Showing posts with label Hook. Show all posts
Showing posts with label Hook. Show all posts

Monday, August 12, 2019

The Hook #3: Hate Is Thicker Than Blood


The Hook #3: Hate Is Thicker Than Blood, by Brad Latham
December, 1981  Warner Books

A big thanks to Darren Heil, who recently posted a comment on my review of the first volume of The Hook that the series was in fact not written by David Schow. And also Schow himself left a comment on the review, also stating that he wasn’t “Brad Latham,” so thanks to him as well – I must’ve missed his comment when he posted it back in 2017.

Darren Heil confirms what I started to supsect after the second volume; namely, that The Hook was written by at least two authors. That second volume was so out of line with the first one that it should’ve been clear as day to me when I read it; I mean the first one traded off between gumshoe action featuring oddball gangsters and incredibly explicit sex scenes, whereas the second one didn’t feature much of either. Per Heil, this is because an author named Richard O’Brien wrote the first, third, and fifth volumes of The Hook. I guess it’s still a mystery who wrote volumes two and four. Hey, maybe it was David Schow!! Oh, wait…

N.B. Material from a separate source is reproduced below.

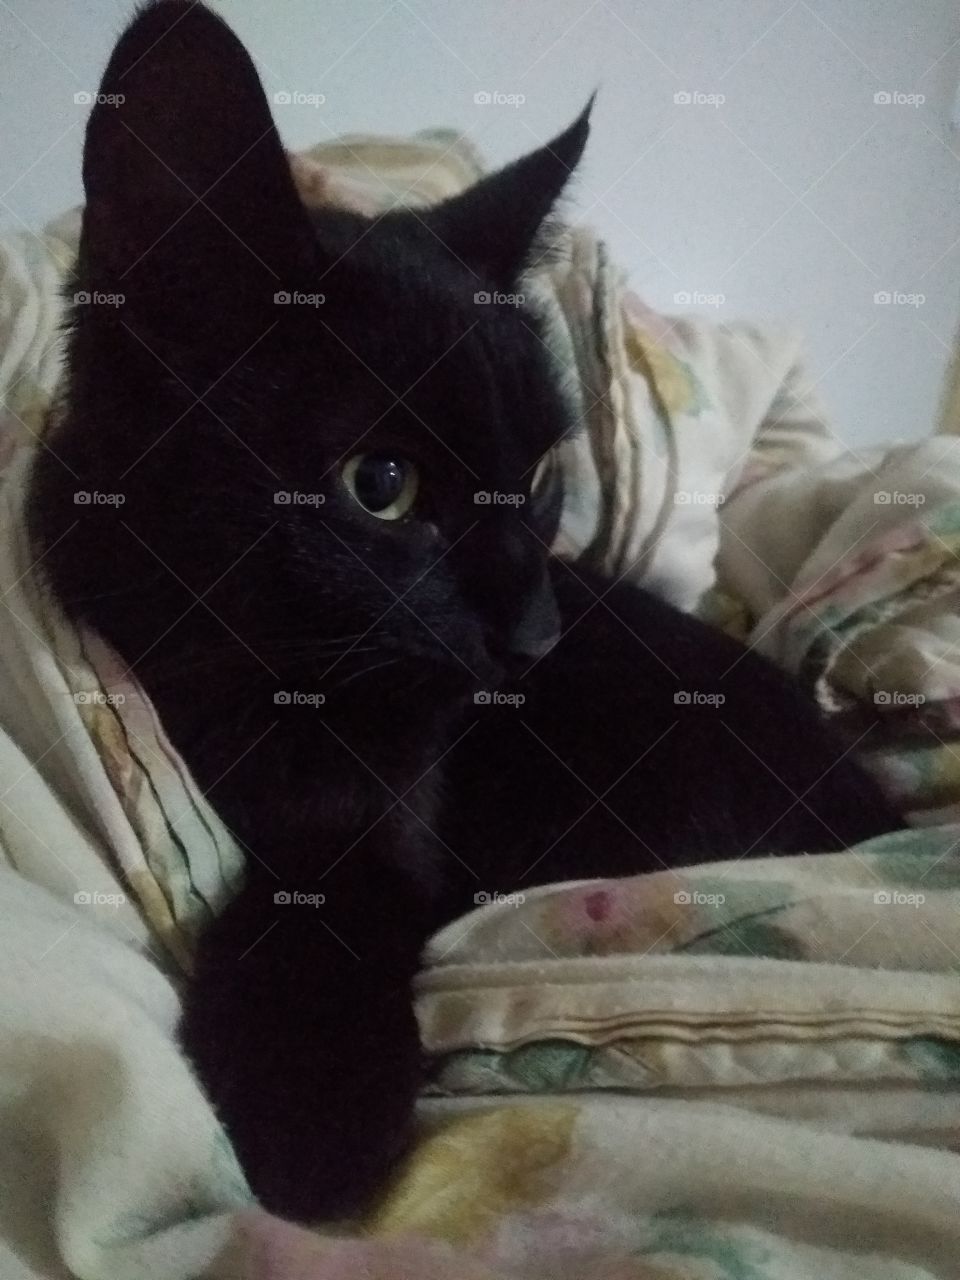 My cat in my blanket. I love her. How nota to love? / Minha gata no meu cobertor. Como não amar?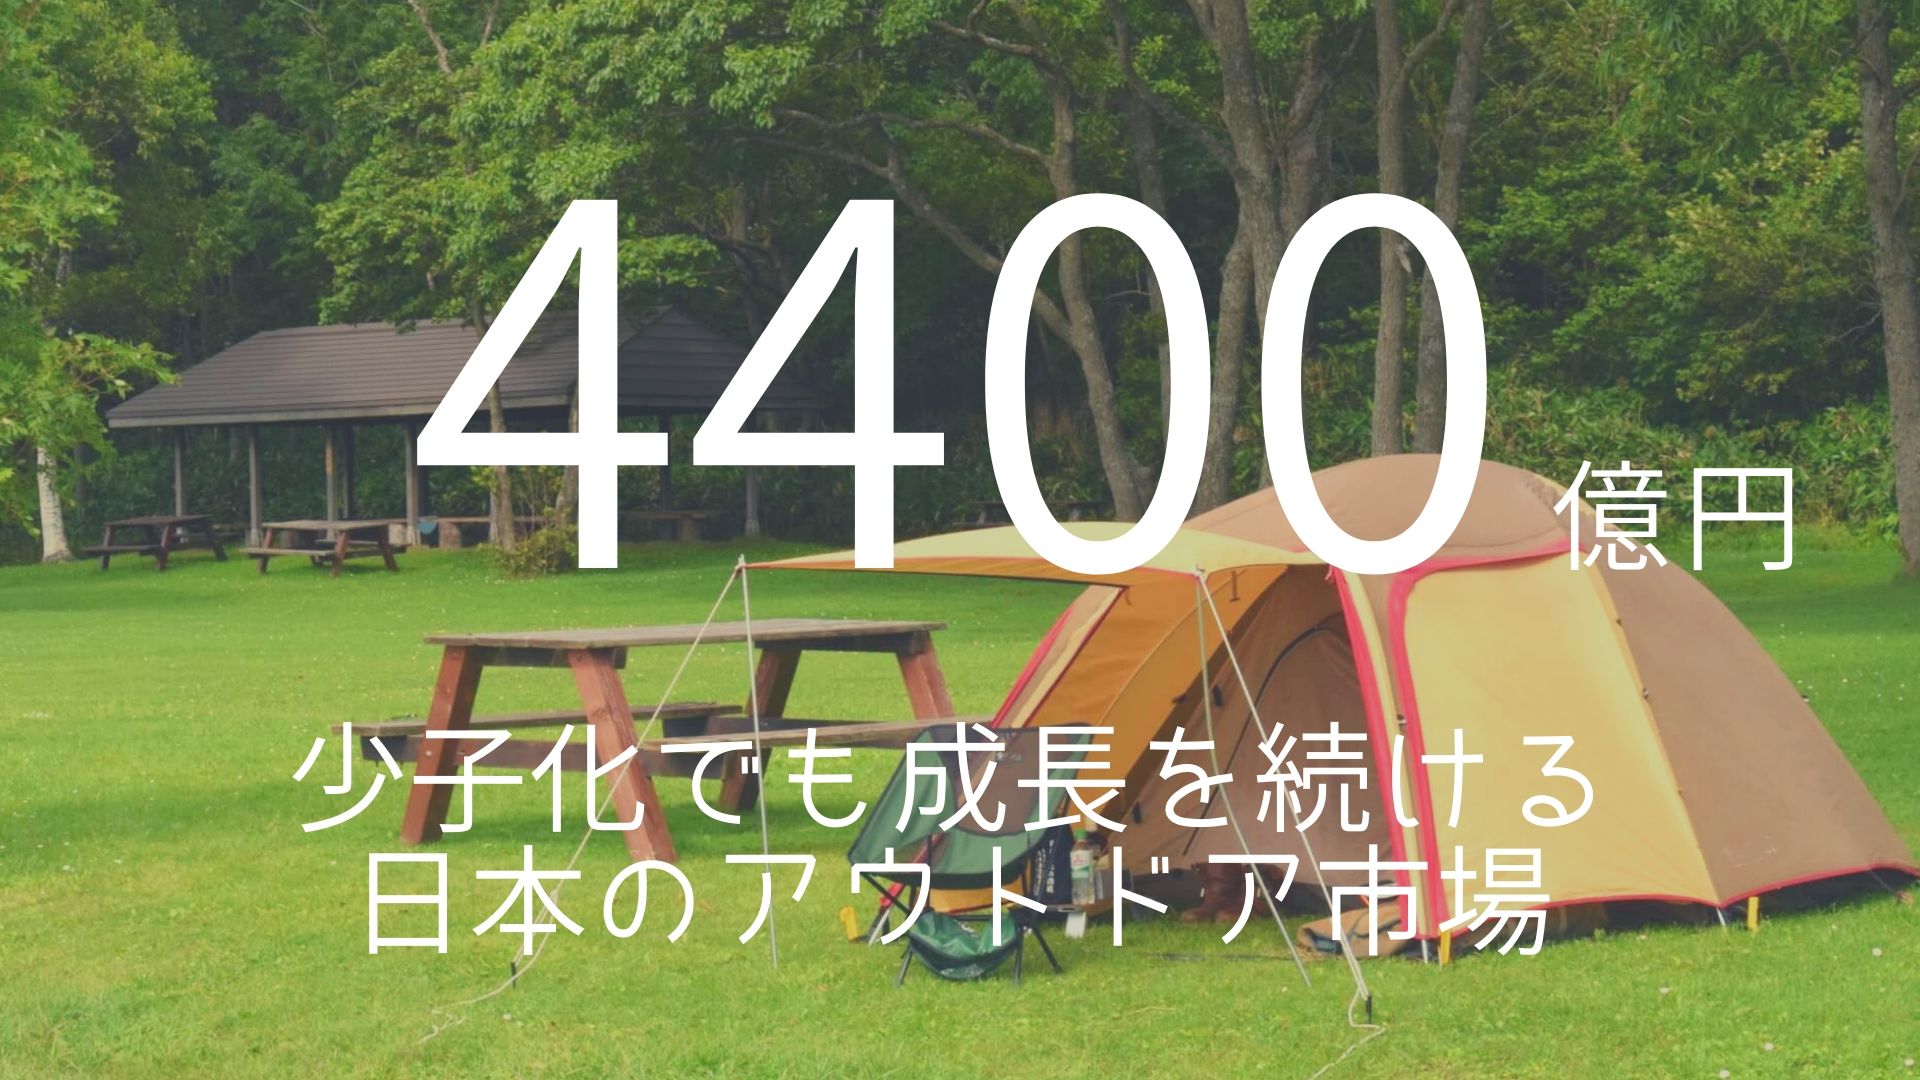 「4400億円」 >>> 少子化でも成長を続ける日本のアウトドア市場。

As with The Gilded Canary, Hate Is Thicker Than Blood is a busily-plotted private eye yarn occuring in a 1938 Bronx populated by misfit gangsters and uber-horny women. I mean these ladies will screw at the drop of a fedora, and damned if O’Brien doesn’t document each and every bang in full-on detail. I don’t mean this as a complaint; I’ve said before I think this genre should start where “over the top” ends, but at the same time something about the book seems sluggish, even though it’s only around 160 pages. But then like those other Warner “Men of Action” books, it’s got some very small, very dense print, so the page number is a bit misleading.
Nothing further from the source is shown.